**Entries shown:**
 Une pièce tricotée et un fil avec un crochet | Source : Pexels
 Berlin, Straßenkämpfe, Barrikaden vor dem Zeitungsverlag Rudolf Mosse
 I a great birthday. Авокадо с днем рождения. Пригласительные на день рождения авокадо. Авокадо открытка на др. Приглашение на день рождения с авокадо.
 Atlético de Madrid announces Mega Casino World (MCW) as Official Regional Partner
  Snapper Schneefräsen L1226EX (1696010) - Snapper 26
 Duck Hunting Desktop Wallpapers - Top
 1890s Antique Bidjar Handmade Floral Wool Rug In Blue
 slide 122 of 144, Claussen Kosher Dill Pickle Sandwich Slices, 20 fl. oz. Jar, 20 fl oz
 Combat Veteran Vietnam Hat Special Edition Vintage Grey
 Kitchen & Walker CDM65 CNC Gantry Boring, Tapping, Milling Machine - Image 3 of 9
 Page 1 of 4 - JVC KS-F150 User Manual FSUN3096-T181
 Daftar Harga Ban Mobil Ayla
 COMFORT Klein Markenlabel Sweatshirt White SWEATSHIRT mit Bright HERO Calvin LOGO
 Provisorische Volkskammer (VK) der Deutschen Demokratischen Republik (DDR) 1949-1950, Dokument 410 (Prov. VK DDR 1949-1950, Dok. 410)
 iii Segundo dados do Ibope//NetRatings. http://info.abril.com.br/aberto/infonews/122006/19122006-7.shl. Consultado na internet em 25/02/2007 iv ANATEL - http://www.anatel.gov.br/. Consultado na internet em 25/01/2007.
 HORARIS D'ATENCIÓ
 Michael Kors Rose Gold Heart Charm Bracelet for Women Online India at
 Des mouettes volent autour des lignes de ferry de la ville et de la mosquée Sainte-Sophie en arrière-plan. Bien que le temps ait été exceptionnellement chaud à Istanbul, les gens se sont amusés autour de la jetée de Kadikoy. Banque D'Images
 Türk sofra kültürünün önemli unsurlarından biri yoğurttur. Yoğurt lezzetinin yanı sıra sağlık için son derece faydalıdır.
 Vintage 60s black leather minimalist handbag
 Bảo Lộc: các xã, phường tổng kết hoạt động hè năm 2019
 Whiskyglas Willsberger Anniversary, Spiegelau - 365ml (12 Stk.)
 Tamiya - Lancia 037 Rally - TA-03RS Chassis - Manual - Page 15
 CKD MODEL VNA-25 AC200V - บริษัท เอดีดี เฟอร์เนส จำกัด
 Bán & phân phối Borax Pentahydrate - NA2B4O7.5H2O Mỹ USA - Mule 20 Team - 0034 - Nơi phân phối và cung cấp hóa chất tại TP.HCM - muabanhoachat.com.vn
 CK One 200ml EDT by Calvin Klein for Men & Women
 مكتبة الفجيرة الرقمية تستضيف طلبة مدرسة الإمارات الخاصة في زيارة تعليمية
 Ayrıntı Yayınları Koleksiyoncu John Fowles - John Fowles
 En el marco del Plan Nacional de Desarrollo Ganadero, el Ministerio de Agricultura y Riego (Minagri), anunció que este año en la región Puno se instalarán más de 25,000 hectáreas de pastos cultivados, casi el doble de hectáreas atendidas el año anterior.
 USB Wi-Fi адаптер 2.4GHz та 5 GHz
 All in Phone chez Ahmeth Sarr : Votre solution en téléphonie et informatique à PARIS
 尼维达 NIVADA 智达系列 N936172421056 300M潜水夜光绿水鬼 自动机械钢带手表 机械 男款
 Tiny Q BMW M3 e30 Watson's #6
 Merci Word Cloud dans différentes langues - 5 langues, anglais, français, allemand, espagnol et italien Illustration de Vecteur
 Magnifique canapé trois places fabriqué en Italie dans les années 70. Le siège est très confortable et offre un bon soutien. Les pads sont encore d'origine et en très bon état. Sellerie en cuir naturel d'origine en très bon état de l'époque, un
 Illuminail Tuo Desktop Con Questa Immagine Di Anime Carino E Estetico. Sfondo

**Task prompt:** Return word for word the lines above from the line with "Page 1 of 4" to the line with "CKD MODEL VNA-25", including both and leaving out all others.

**Answer box:**
 Page 1 of 4 - JVC KS-F150 User Manual FSUN3096-T181
 Daftar Harga Ban Mobil Ayla
 COMFORT Klein Markenlabel Sweatshirt White SWEATSHIRT mit Bright HERO Calvin LOGO
 Provisorische Volkskammer (VK) der Deutschen Demokratischen Republik (DDR) 1949-1950, Dokument 410 (Prov. VK DDR 1949-1950, Dok. 410)
 iii Segundo dados do Ibope//NetRatings. http://info.abril.com.br/aberto/infonews/122006/19122006-7.shl. Consultado na internet em 25/02/2007 iv ANATEL - http://www.anatel.gov.br/. Consultado na internet em 25/01/2007.
 HORARIS D'ATENCIÓ
 Michael Kors Rose Gold Heart Charm Bracelet for Women Online India at
 Des mouettes volent autour des lignes de ferry de la ville et de la mosquée Sainte-Sophie en arrière-plan. Bien que le temps ait été exceptionnellement chaud à Istanbul, les gens se sont amusés autour de la jetée de Kadikoy. Banque D'Images
 Türk sofra kültürünün önemli unsurlarından biri yoğurttur. Yoğurt lezzetinin yanı sıra sağlık için son derece faydalıdır.
 Vintage 60s black leather minimalist handbag
 Bảo Lộc: các xã, phường tổng kết hoạt động hè năm 2019
 Whiskyglas Willsberger Anniversary, Spiegelau - 365ml (12 Stk.)
 Tamiya - Lancia 037 Rally - TA-03RS Chassis - Manual - Page 15
 CKD MODEL VNA-25 AC200V - บริษัท เอดีดี เฟอร์เนส จำกัด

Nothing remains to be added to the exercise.